Using 'save.ffdf automatically sets' finalizers' ff vectors are "closed". This means that the data will be saved to disk when the object is deleted or R sessions are closed. Data can be deleted either with "delete" or by deleting the directory where the object was saved ('dir).
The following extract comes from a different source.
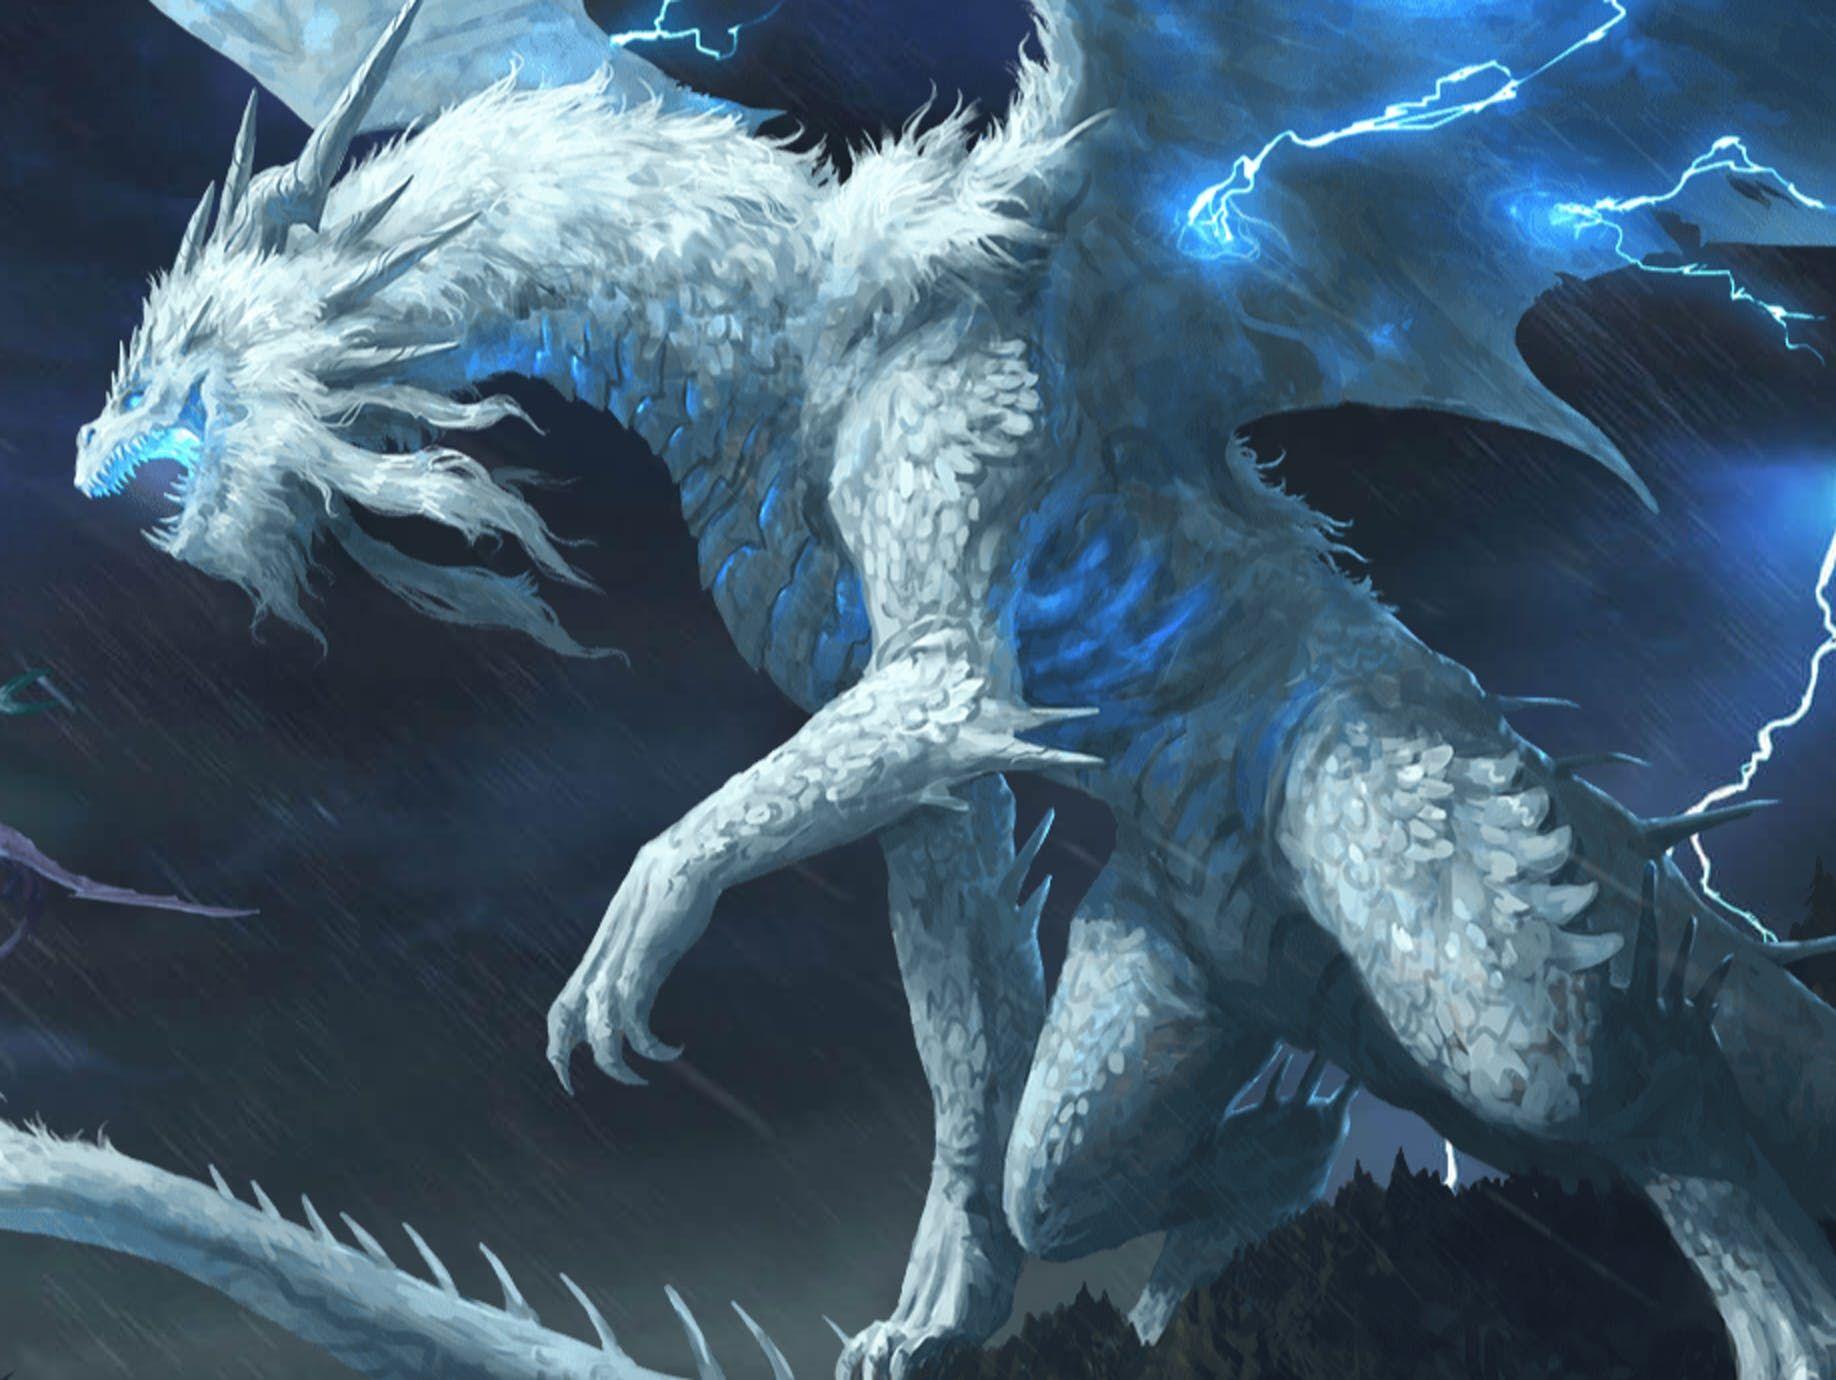 Dragonprince Fantasy Dragon Avatar Tv Netflix Digitalart Dragons Lightning Dragon Mythical Creatures Art Dragon Artwork

I want to start with a small ffdf dataframe, add a bit of new data at a time, and grow it to disk. So I did a little experiment:

# in R
ffiris = as.ffdf(iris)
save.ffdf(ffiris, dir = "~/Desktop/iris")

# in bash
ls ~/Desktop/iris/
## ffiris$Petal.Length.ff ffiris$Petal.Width.ff  ffiris$Sepal.Length.ff ffiris$Sepal.Width.ff  ffiris$Species.ff

# in R
# add a new column
ffiris =transform(ffiris, new1 = rep(99, nrow(iris)))
rm(ffiris)

# in bash
ls ~/Desktop/iris/
## ffiris$Petal.Length.ff ffiris$Petal.Width.ff  ffiris$Sepal.Length.ff ffiris$Sepal.Width.ff  ffiris$Species.ff

      

Turns out it doesn't automatically update ff data on disk when ffiris is removed. How about saving manually?

# in R
# add a new column
ffiris =transform(ffiris, new1 = rep(99, nrow(iris)))
save.ffdf(ffiris, "~/Desktop/iris")

# in bash
ls ~/Desktop/iris/
## ffiris$Petal.Length.ff ffiris$Petal.Width.ff  ffiris$Sepal.Length.ff ffiris$Sepal.Width.ff  ffiris$Species.ff

      

Hmm, no luck so far. Why?

How do I delete a folder before saving?

# in R
ffiris = as.ffdf(iris)
unlink("~/Desktop/iris", recursive = TRUE, force = TRUE)
save.ffdf(ffiris, "~/Desktop/iris", overwrite = TRUE)
ffiris =transform(ffiris, new1 = rep(99, nrow(iris)))
unlink("~/Desktop/iris", recursive = TRUE, force = TRUE)
save.ffdf(ffiris, "~/Desktop/iris", overwrite = TRUE)

# in bash
ls ~/Desktop/iris/
# ls: /Users/ky/Desktop/iris/: No such file or directory

      

Even a stranger. Even if all of this works, it will still be terribly ineffective. I am looking for something like:

updateOnDisk(ffiris)

      

Can anyone please help?

+3


source to share


1 answer


ff

and ffbase

suggest out-of-memory R-vectors, but introduce reference semantics that can give problems with R-idioms.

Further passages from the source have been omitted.